Asombrada todavía por la espectacular prosa de Francisco Umbral, abrumada por el dolor de la pérdida del hijo, traigo aquí esta cita en la que el escritor ve al hijo aprender a leer, irse un poco de su sombra, soltar su mano para salir al mundo, libre y solo a un mismo tiempo.

«Las letras, el alfabeto, la escala de las vocales, el niño, a la sombra de la madre, pájaro ligero por el árbol de la gramática. Salta, va, viene, se equivoca de rama, vuelve a saltar, dice la a, la e, ríe con la i, se asusta con la u, vive.

Por ahí empieza la historia, hijo, empieza la cultura, el mundo de los hombres, ese juego largo que hemos inventado para aplazar la muerte. Las letras, insectos simpáticos y tenaces, juegan contigo como hormigas difíciles. Estás empezando a pulsar las letras, las teclas de un piano que resuena en cinco o diez mil años de historia.

Cada letra tiene un eco de lenguajes pasados, de idiomas milenarios, que tú despiertas inocentemente, como cantando dentro de una catacumba. Eres el paleontólogo ingenuo de nuestro mundo de jeroglíficos. Somos tus antepasados remotos, esfinges egipcias, dioses griegos, estatuas etruscas, dialectos rubios. Me siento -ay- más del lado de la antigüedad que del lado de tu vida reciente. Se me incorpora una cultura de siglos que contempla impávida, fósil, tu pajareo alegre por sobre las losas del pasado. Cada letra es una losa que pisas, cada palabra es una tumba. Estás jugando con el cementerio, como los niños de aquella película, porque las palabras son cadáveres, enterramientos, embalsamientos de cosas. Tú, que eres todavía del reino fresco de las cosas, te internas ahora, sin saberlo, en el reino sombrío de las palabras, de los signos.

Pero los signos y las palabras, para ti, también son cosas, porque estás saludable de realidad, y juegas con las letras como con insectos o guijarros. No sé si vale la pena arrancarte del mundo de las cosas.

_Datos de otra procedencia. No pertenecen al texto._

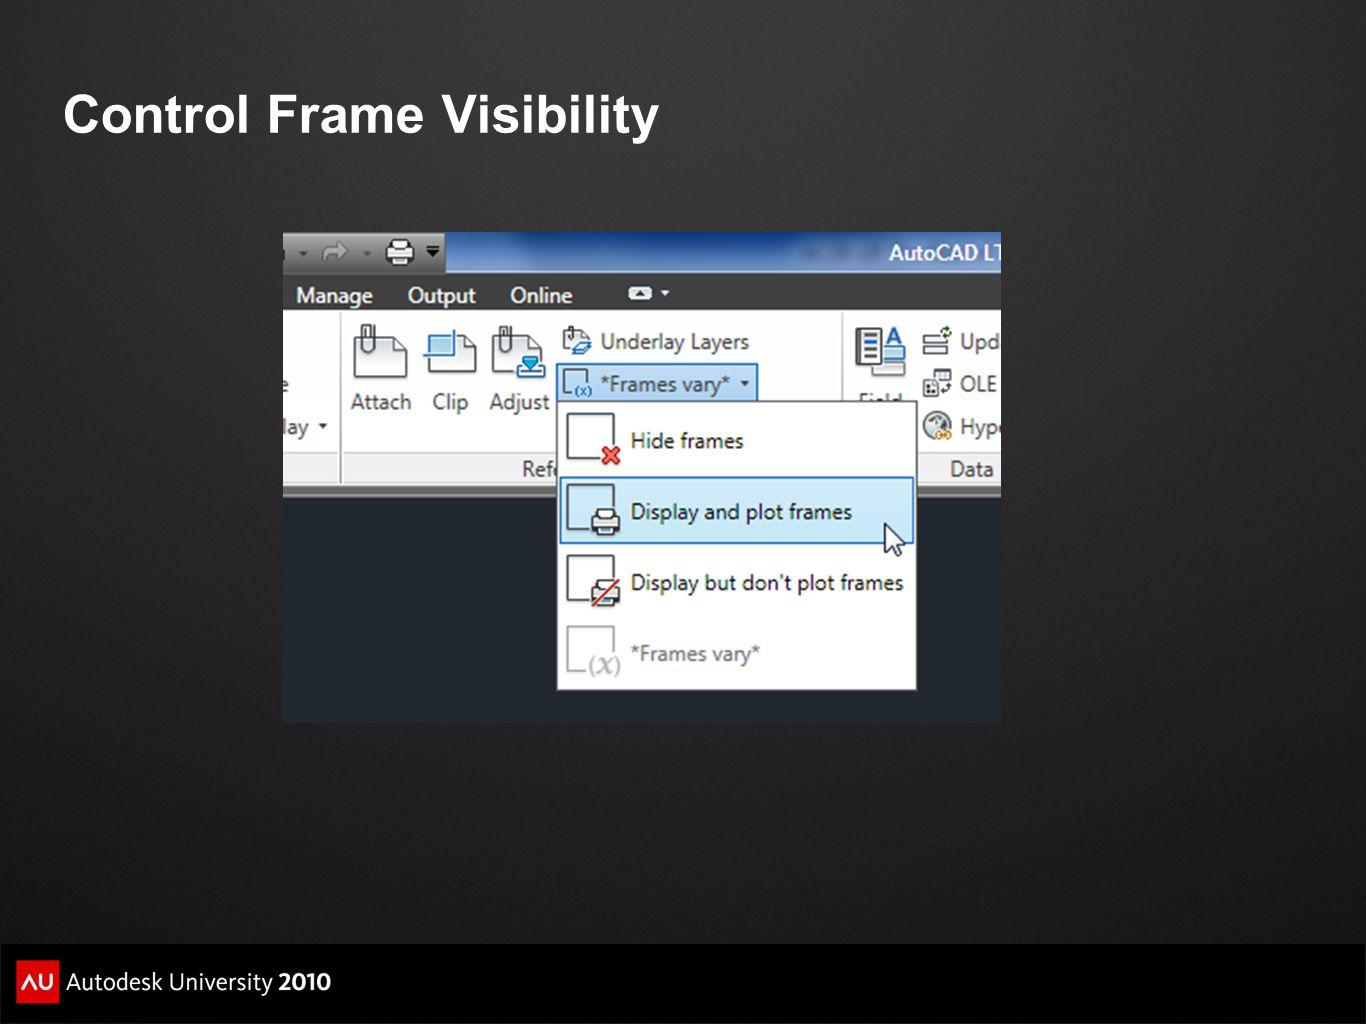 Control Frame Visibility

No sé si vas a perdurar en el mundo de las ideas ni en ningún mundo, hijo, pero asisto, dolorido y consternado, a ese cruce de fronteras, a esa confluencia de atrios que atraviesas alegremente, de la mano de la madre (…).

Mi a no es tu a. Mi a es lúgubre y sabia. Tu a es una nota de luz en tu paladar, en el paladar claro del mundo. Qué juego de luces y sombras. A veces el idioma se cierne sobre ti y me asusto. A veces echas tú sobre él un desconcierto alegre de juego. Qué miedo, qué alegría, qué susto, qué tristeza, verte aprender las letras.»